TASK DIRECTIONS: Set the pictures aside and return each record below precisely as written.

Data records
##########

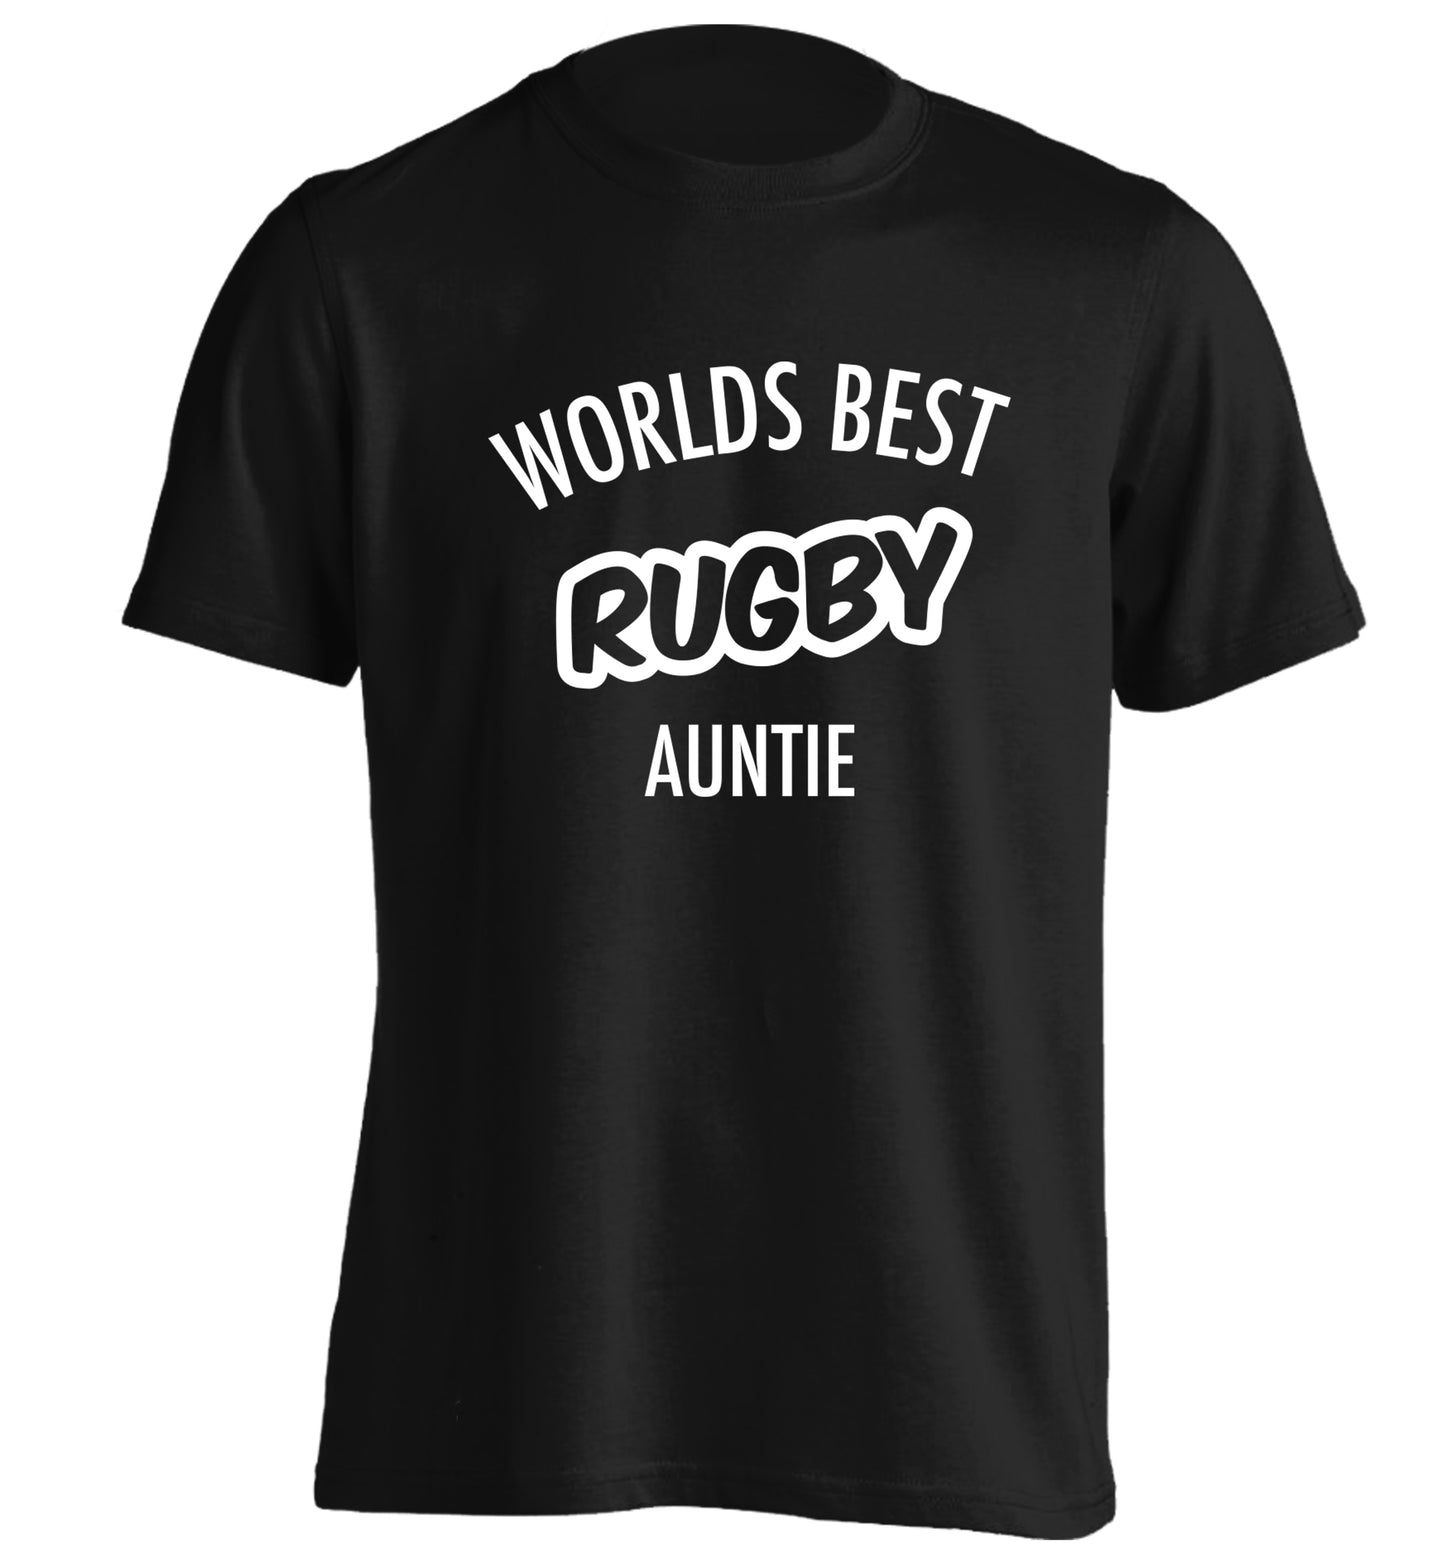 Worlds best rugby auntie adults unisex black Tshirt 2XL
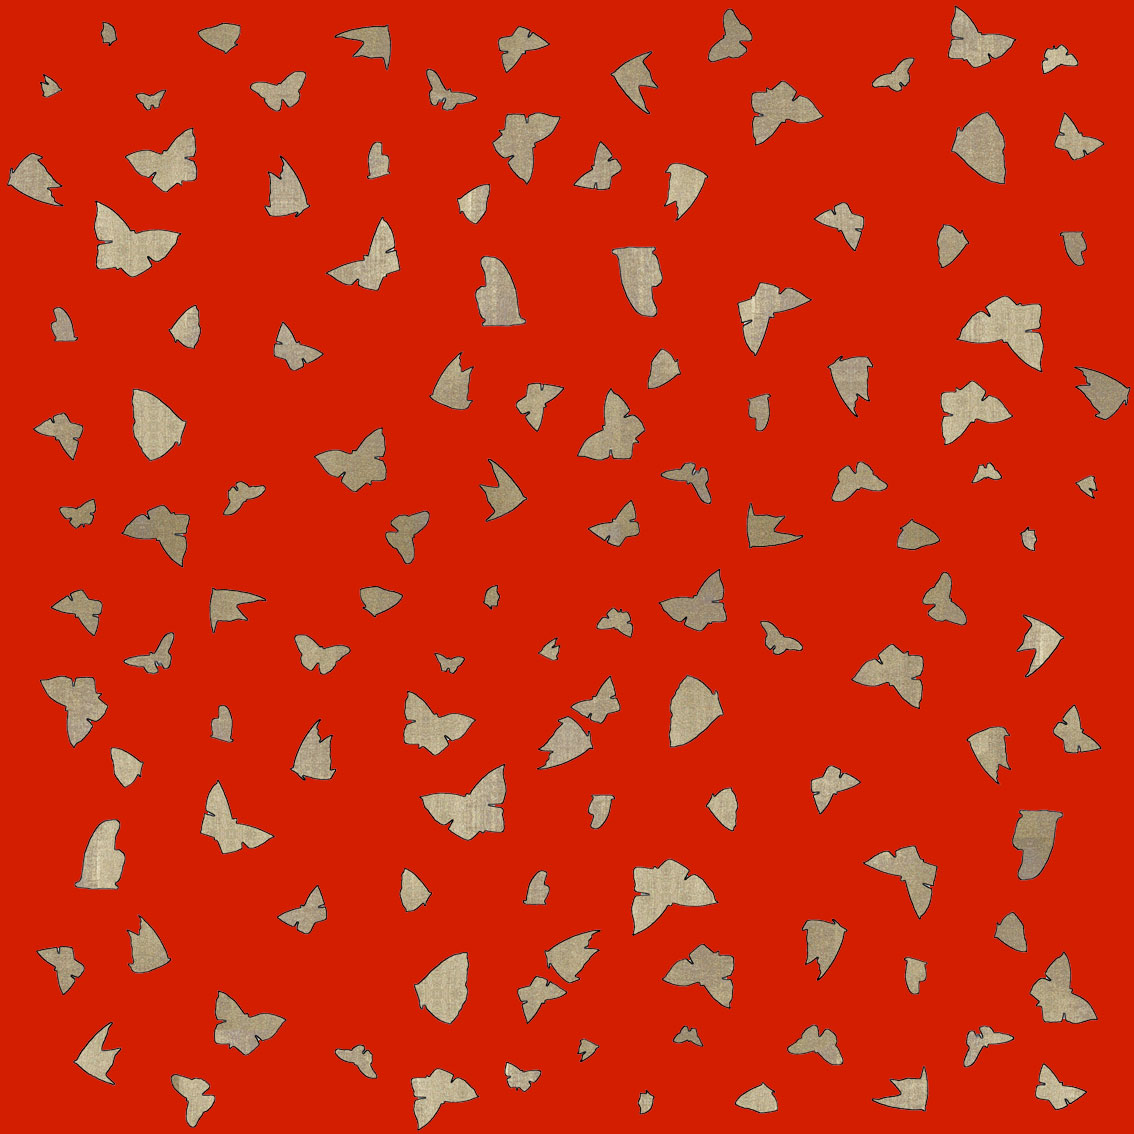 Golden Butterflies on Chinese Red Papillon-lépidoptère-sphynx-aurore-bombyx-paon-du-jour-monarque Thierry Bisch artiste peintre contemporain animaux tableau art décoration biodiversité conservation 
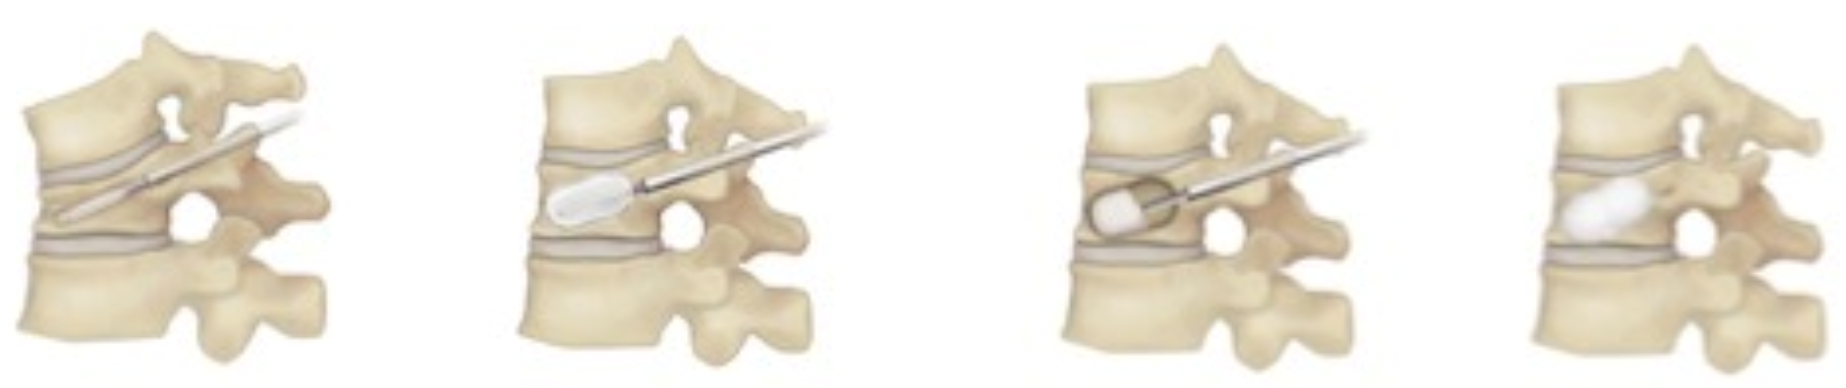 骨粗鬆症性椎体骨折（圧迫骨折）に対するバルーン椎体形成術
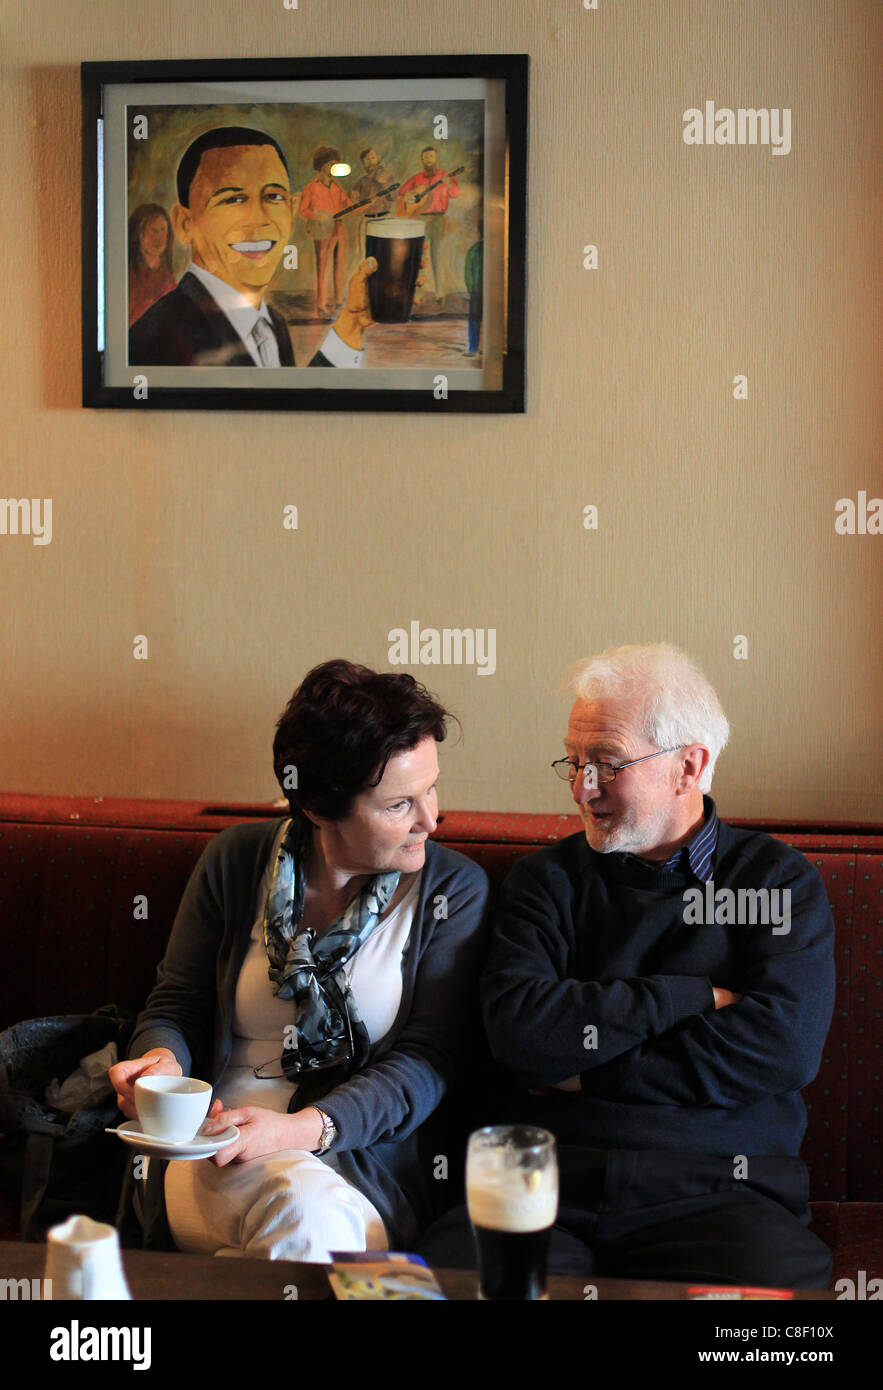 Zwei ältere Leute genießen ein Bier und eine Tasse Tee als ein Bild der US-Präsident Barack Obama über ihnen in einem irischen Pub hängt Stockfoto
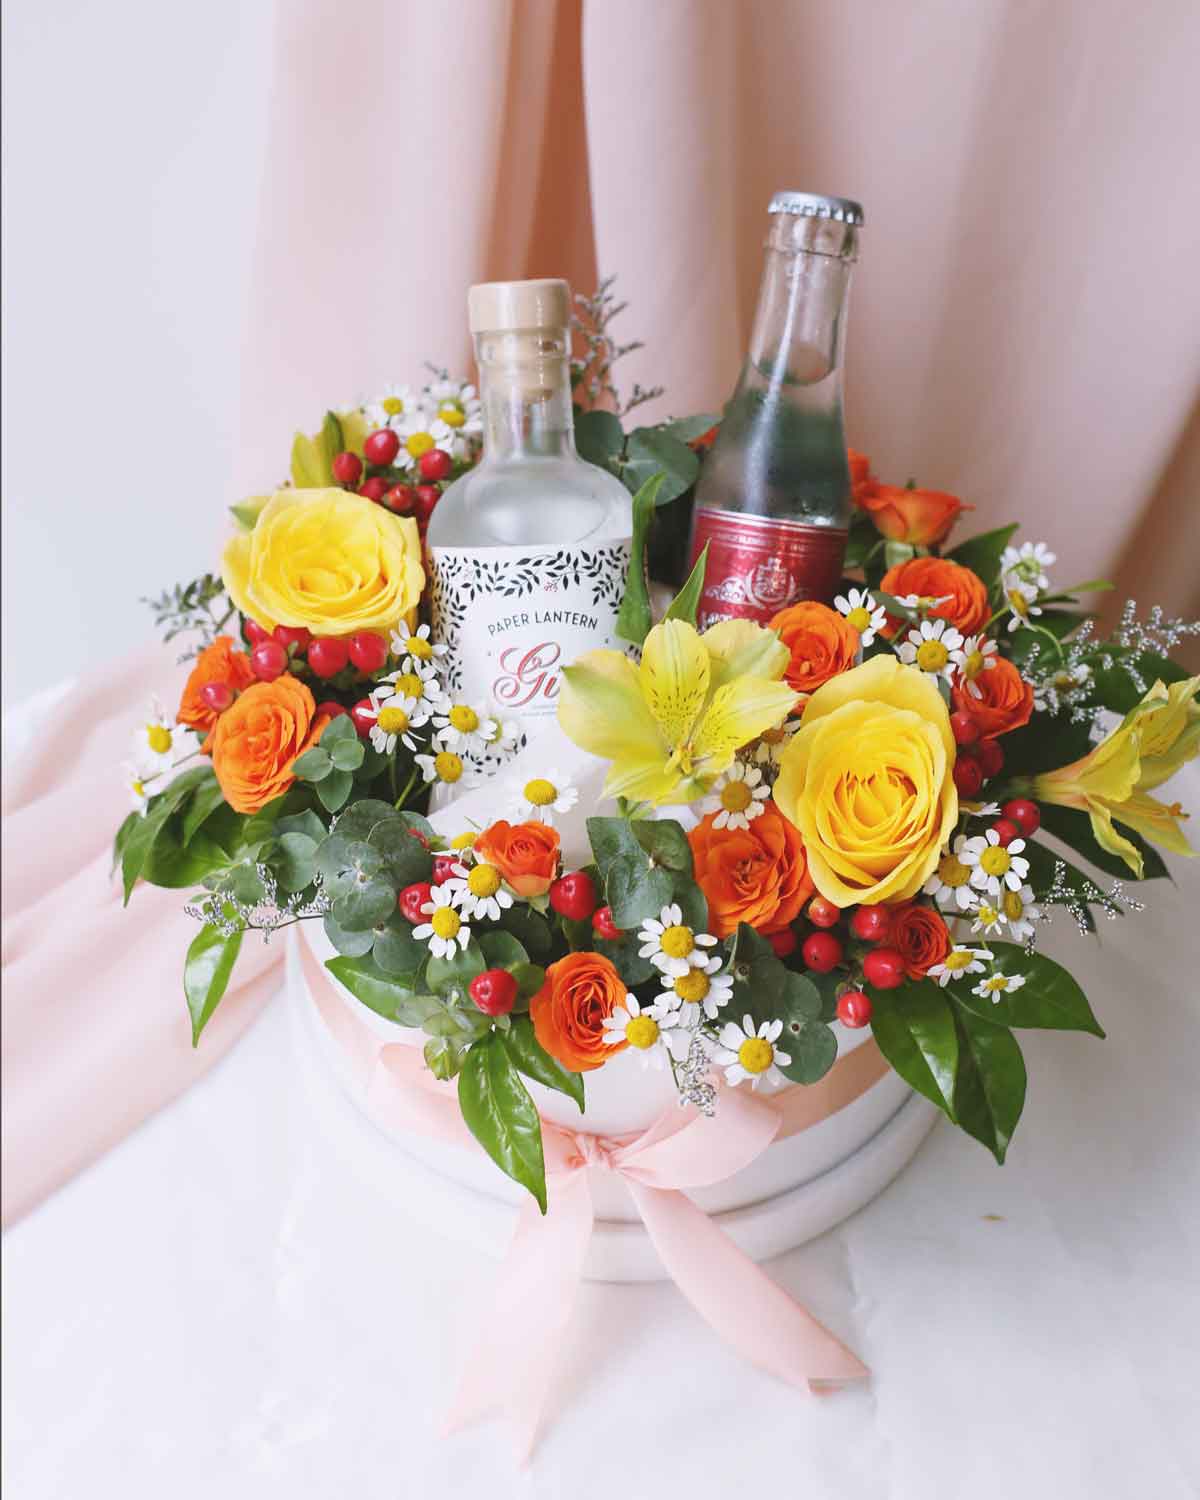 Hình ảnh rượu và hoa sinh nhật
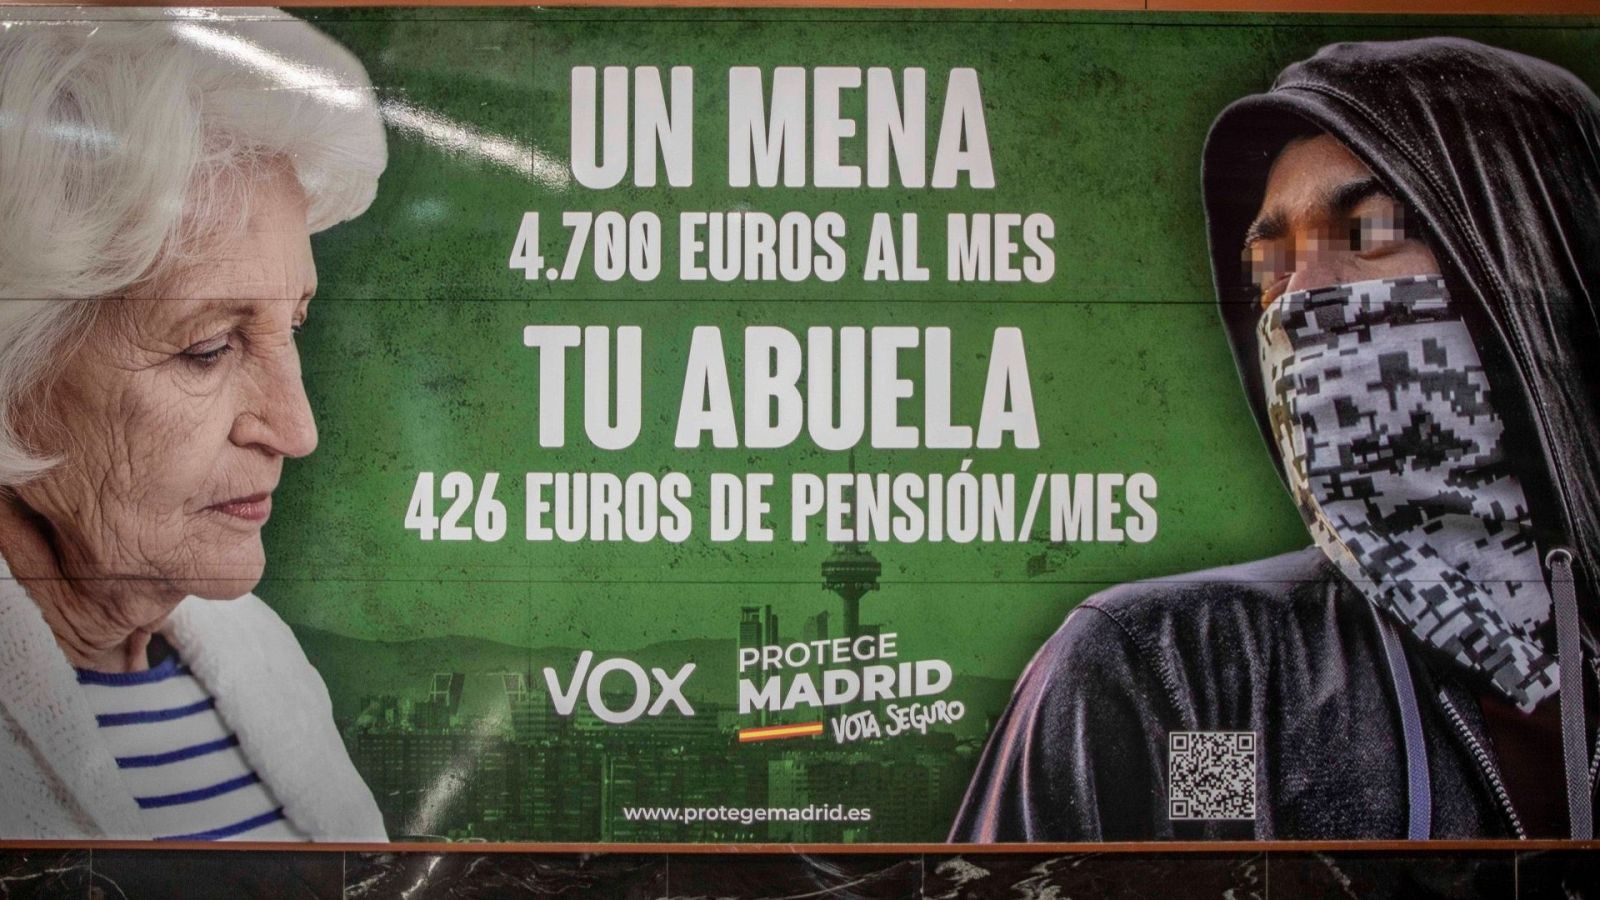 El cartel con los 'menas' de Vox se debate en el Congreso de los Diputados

##########

COMPLETED EXERCISE:
 Worlds best rugby auntie adults unisex black Tshirt 2XL
 Golden Butterflies on Chinese Red Papillon-lépidoptère-sphynx-aurore-bombyx-paon-du-jour-monarque Thierry Bisch artiste peintre contemporain animaux tableau art décoration biodiversité conservation 
 骨粗鬆症性椎体骨折（圧迫骨折）に対するバルーン椎体形成術
 Zwei ältere Leute genießen ein Bier und eine Tasse Tee als ein Bild der US-Präsident Barack Obama über ihnen in einem irischen Pub hängt Stockfoto
 Hình ảnh rượu và hoa sinh nhật
 El cartel con los 'menas' de Vox se debate en el Congreso de los Diputados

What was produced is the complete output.